Kalp hastalıklarının bilhassa de kalp krizlerinin su ile yakından bağı bulunduğunu belirten Medicana Çamlıca Hastanesi İç Hastalıkları Uzmanı Uzm. Dr. Hayriye Belma Siber, “Yapılan araştırmalarda günlük su tüketimine dikkat edenlerle etmeyenler ortasında kalp krizi bakımından bariz bir fark ortaya çıktı. Susuz kalan bedende kanın yoğunlaştığı ve pıhtılaşma eğiliminin arttığı durumlar oluşabiliyor, buna bağlı olarak da tansiyon dengesizlikleri, çarpıntı, ritim bozukluğu ve kalp yetersizlikleri görülebiliyor. Ayrıyeten kalbin işlevlerini gereğince yerine getirememesinin karaciğer ve akciğerde de olumsuz sonuçlar ortaya çıkabilir” tabirlerini kullandı.
“BULAŞICI HASTALIKLARA KARŞI KALKAN OLUŞTURMAKTADIR”
Uzm. Dr. Siber, “Günlük olarak beden, besin hijyeni bakımından da su hayatımızda kıymetli bir yer tutmaktadır. Yalnızca elleri su ve sabunla temizlemek bile birçok bulaşıcı hastalığa karşı kalkan oluşturmaktadır. Su tüketiminin ve su kaynaklarının kısıtlı olduğu ülkelerde, ishal, tifo grip üzere birçok bulaşıcı görülmekte ve ölümcül sonuçlar doğurabilmektedir” dedi.

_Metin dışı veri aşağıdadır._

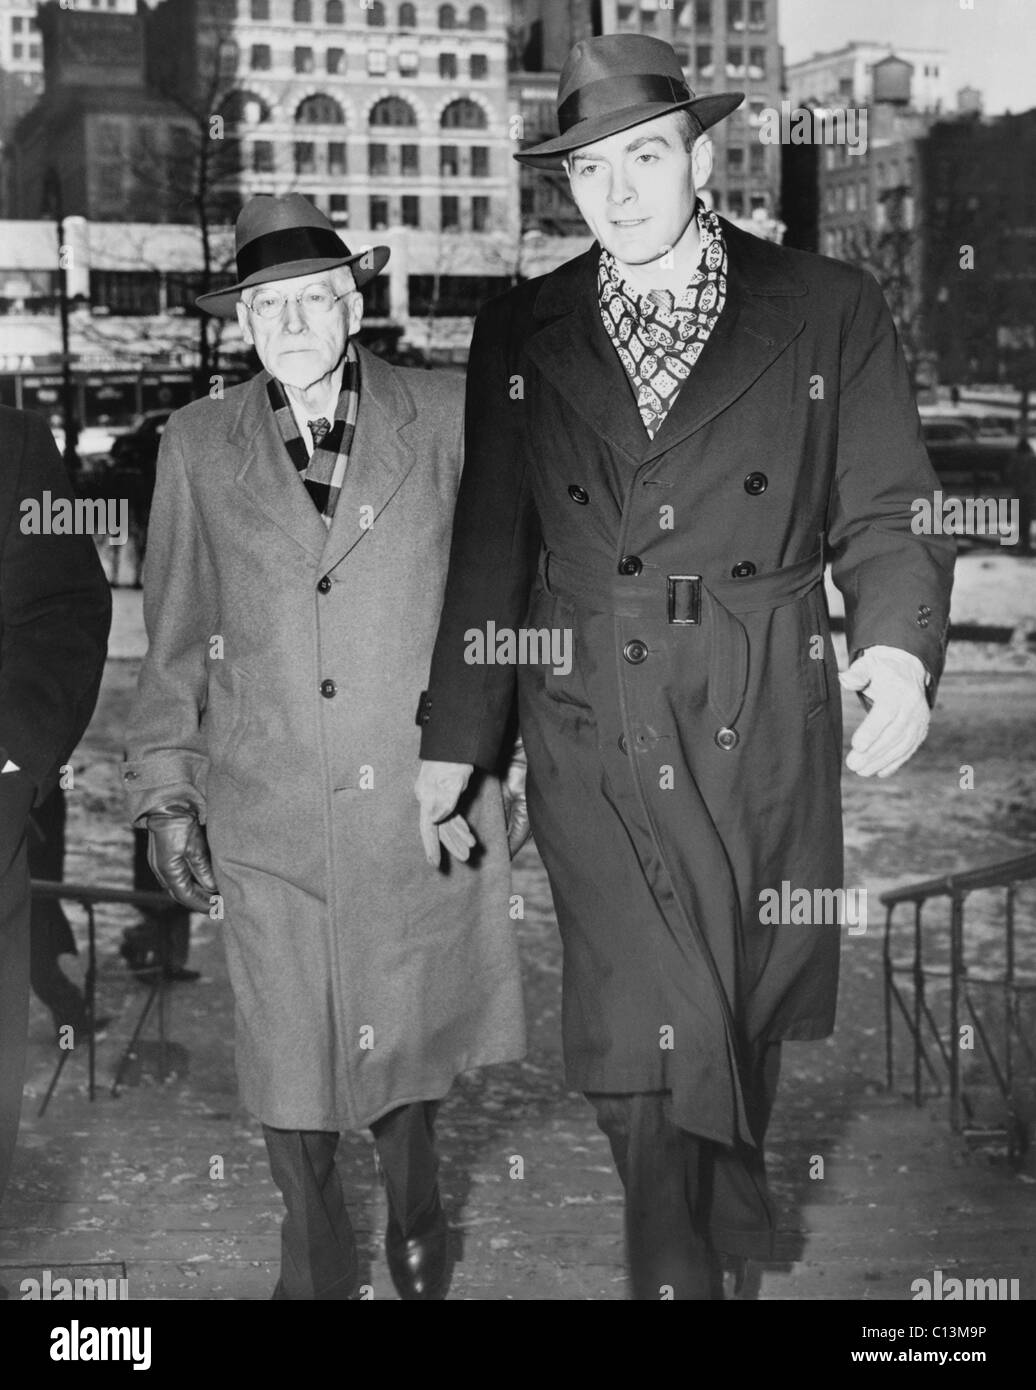 William Walter Remington 1917-1954 auf rechten Seite war eine US-Regierung Ökonom von der sowjetischen Spion und Überläufer Elizabeth Bentley der Spionage beschuldigt. Er wurde wegen Meineids verurteilt und ermordet während der Verbüßung seiner Strafe in Lewisburg Federal Penitentiary ich Stockfoto

Yeterli su tüketilmemesinin öbür hastalıkları tetikleyebileceğine vurgu yapan Siber, hastalıkları şöyle sıraladı:
“Unutkanlık ve konsantrasyon bozukluğu, baş ağrısı, kabızlık, saç dökülmesi ve kepeklenme, emziren bayanlarda süt azlığı, kas krampları.”